WORK REQUIRED: Return all of the data that follows precisely, leaving every image out.

Top of DATA EXTRACT

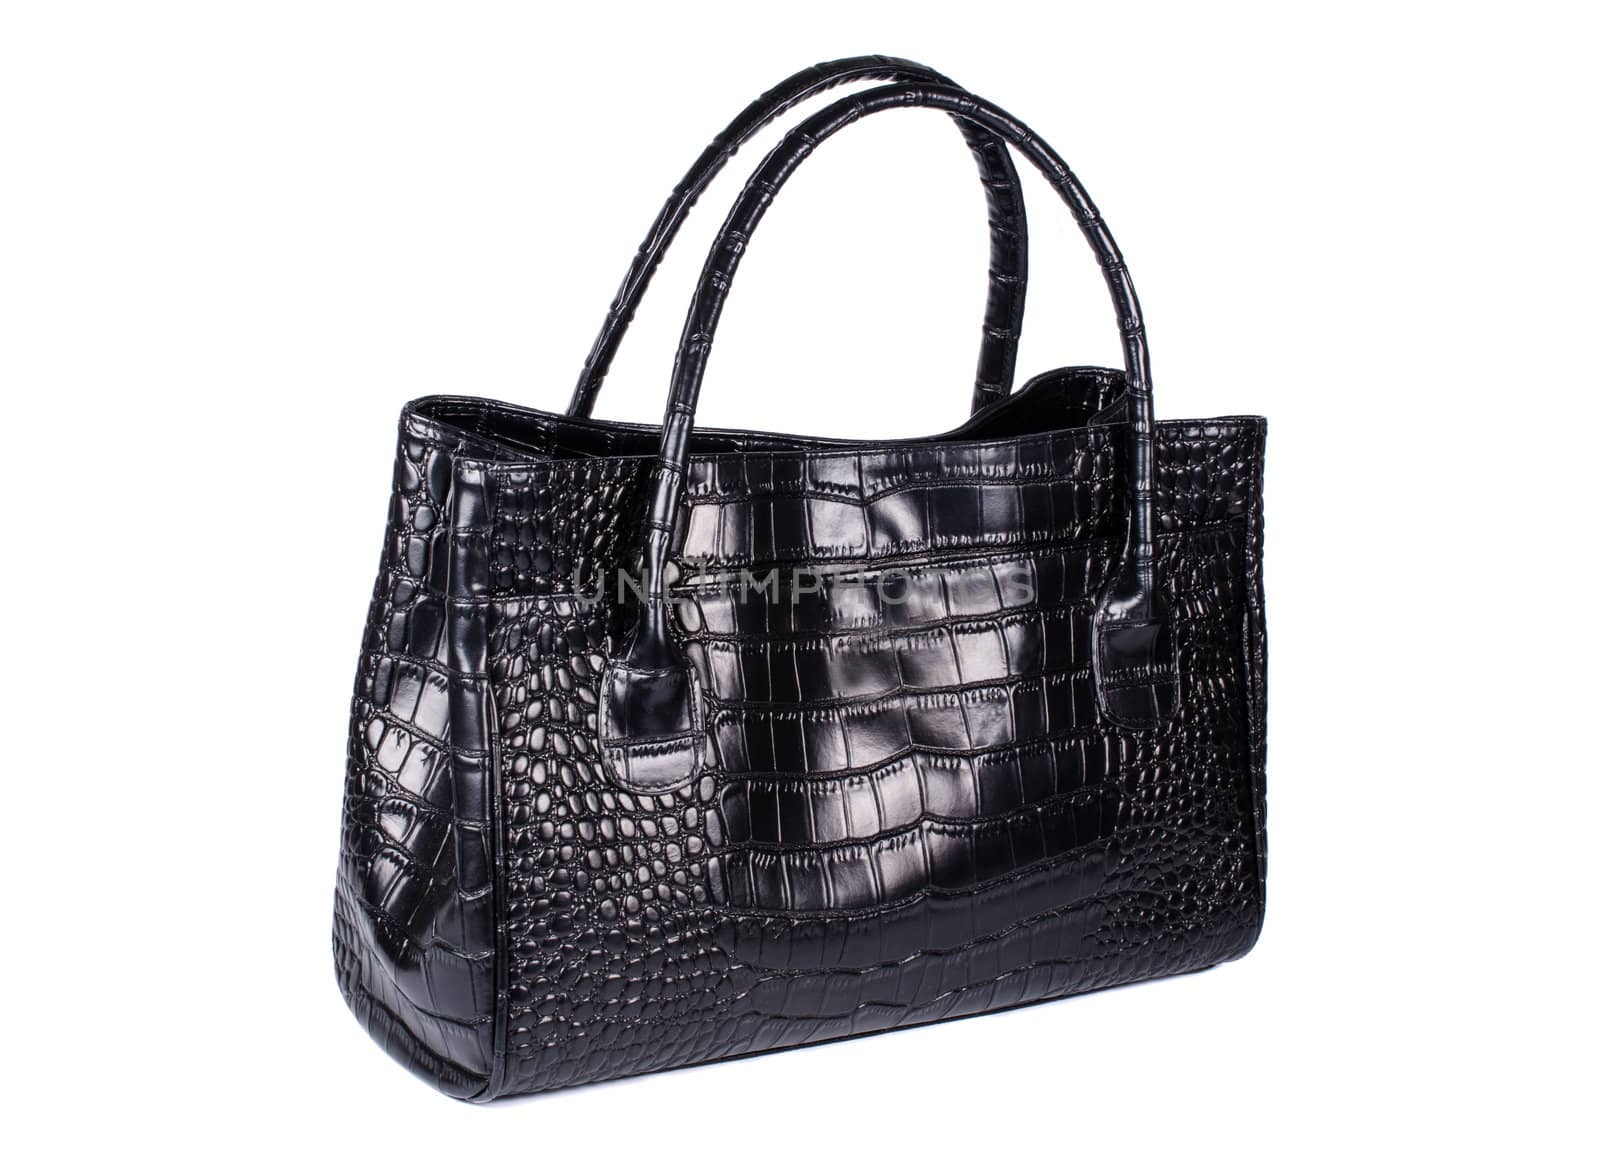 Elegant black bag with handles
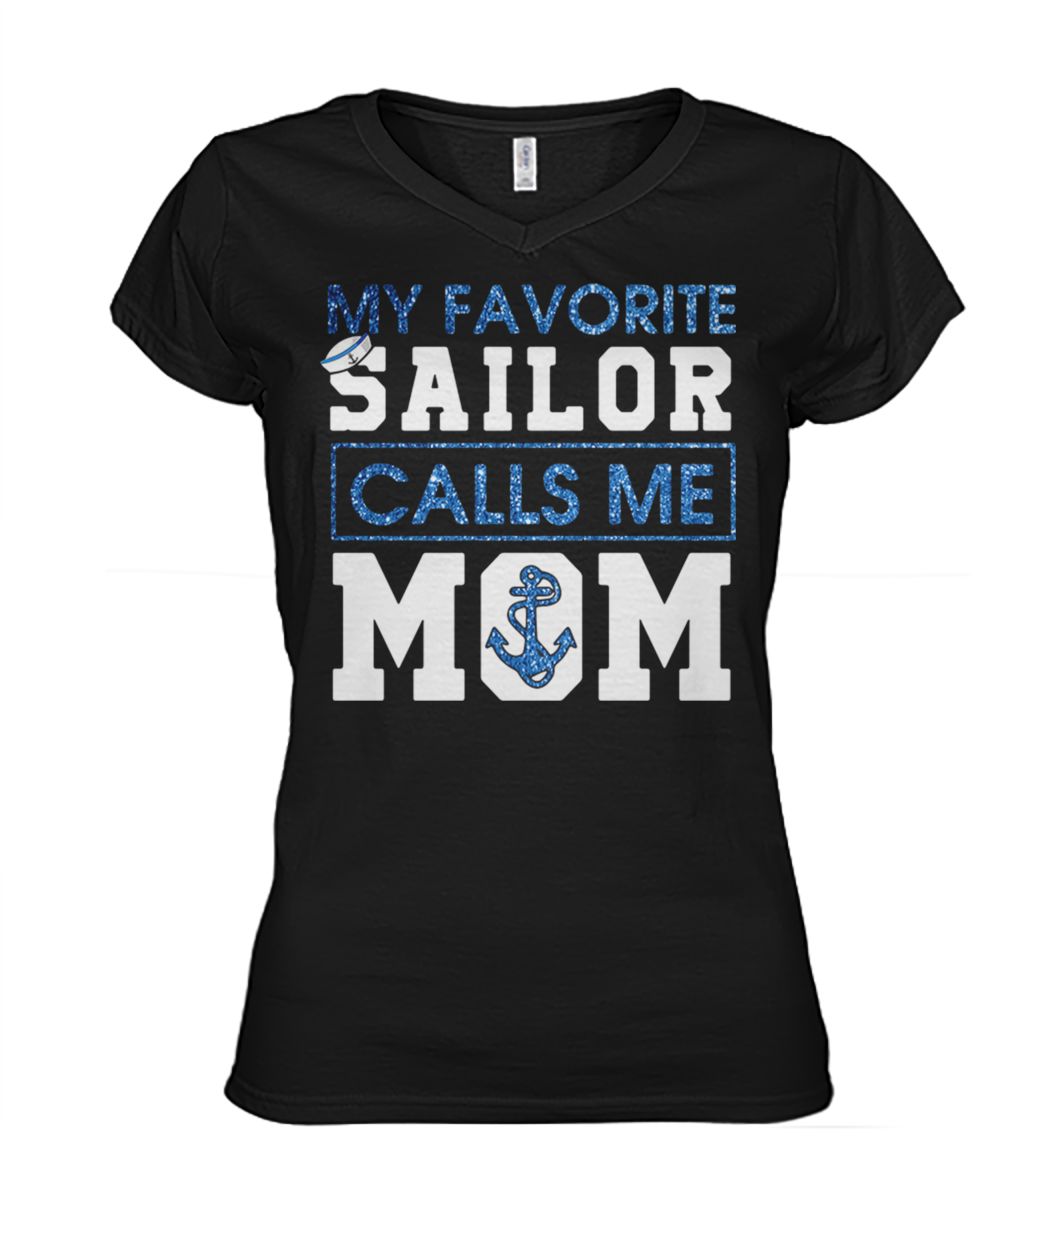 My favorite sailor calls me mom women's v-neck
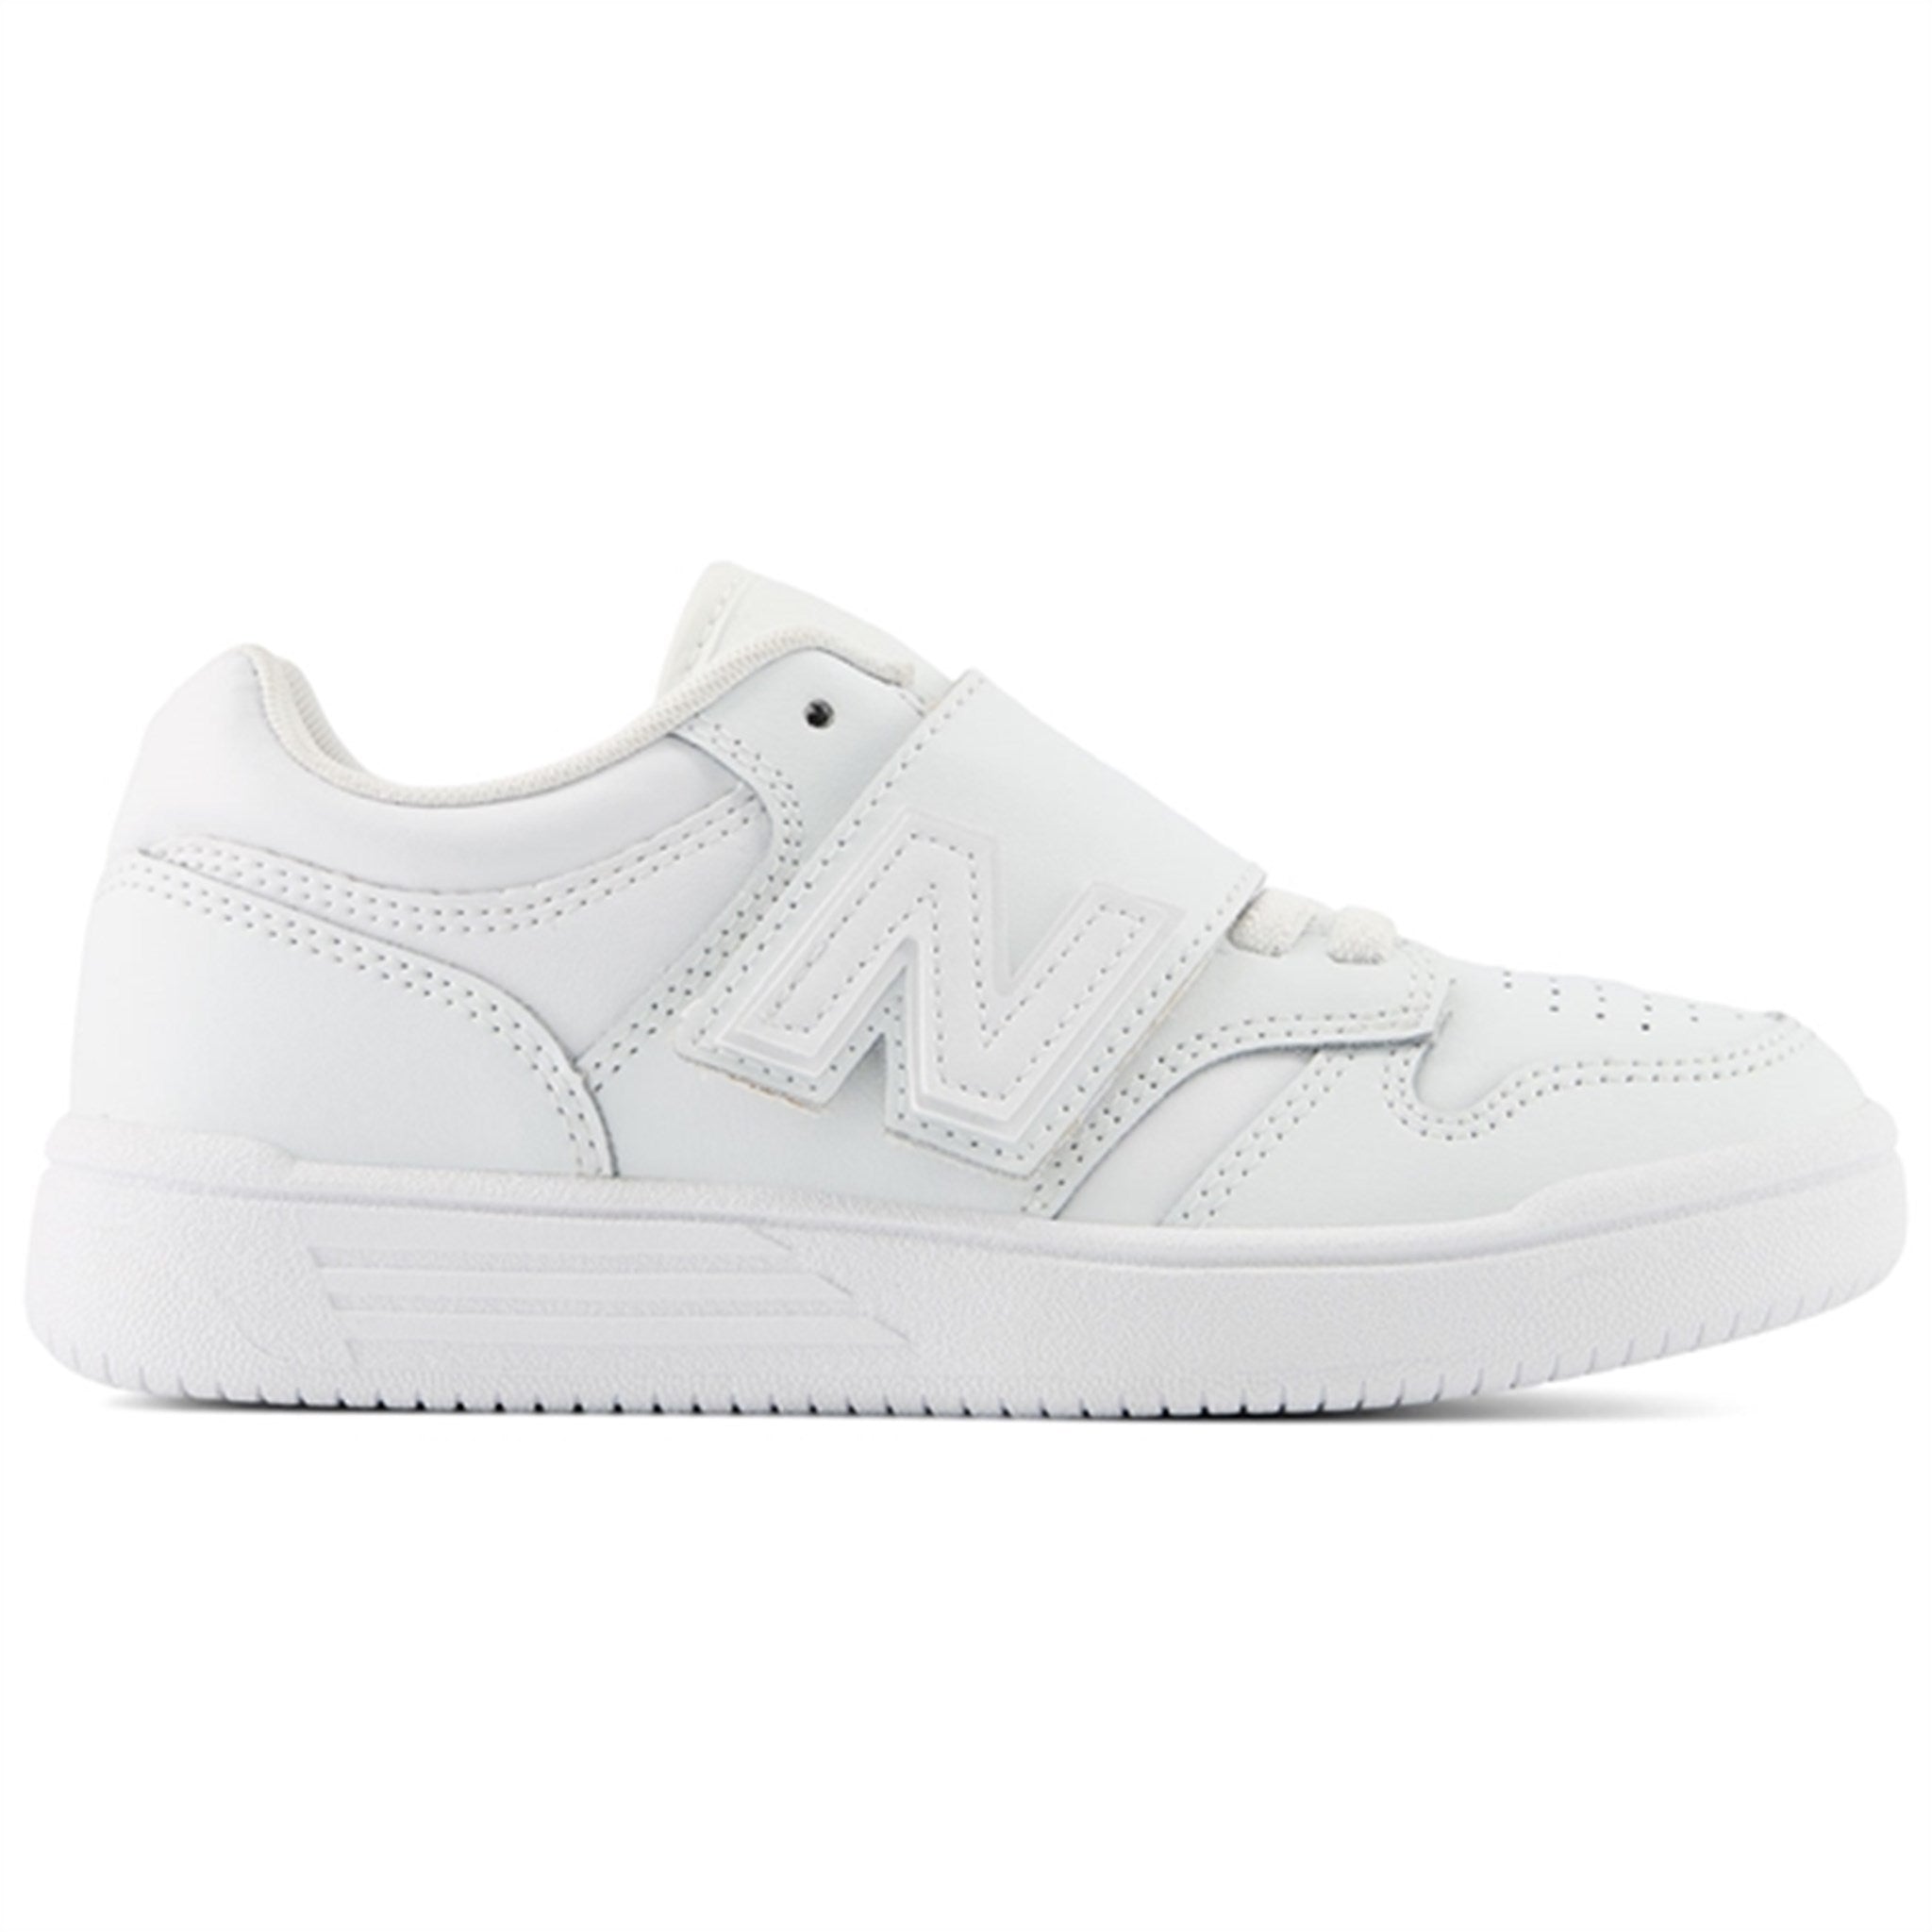 New Balance BB480 Sneakers Kids White

Bottom of DATA EXTRACT

RESPONSE:
 Elegant black bag with handles
 My favorite sailor calls me mom women's v-neck
 New Balance BB480 Sneakers Kids White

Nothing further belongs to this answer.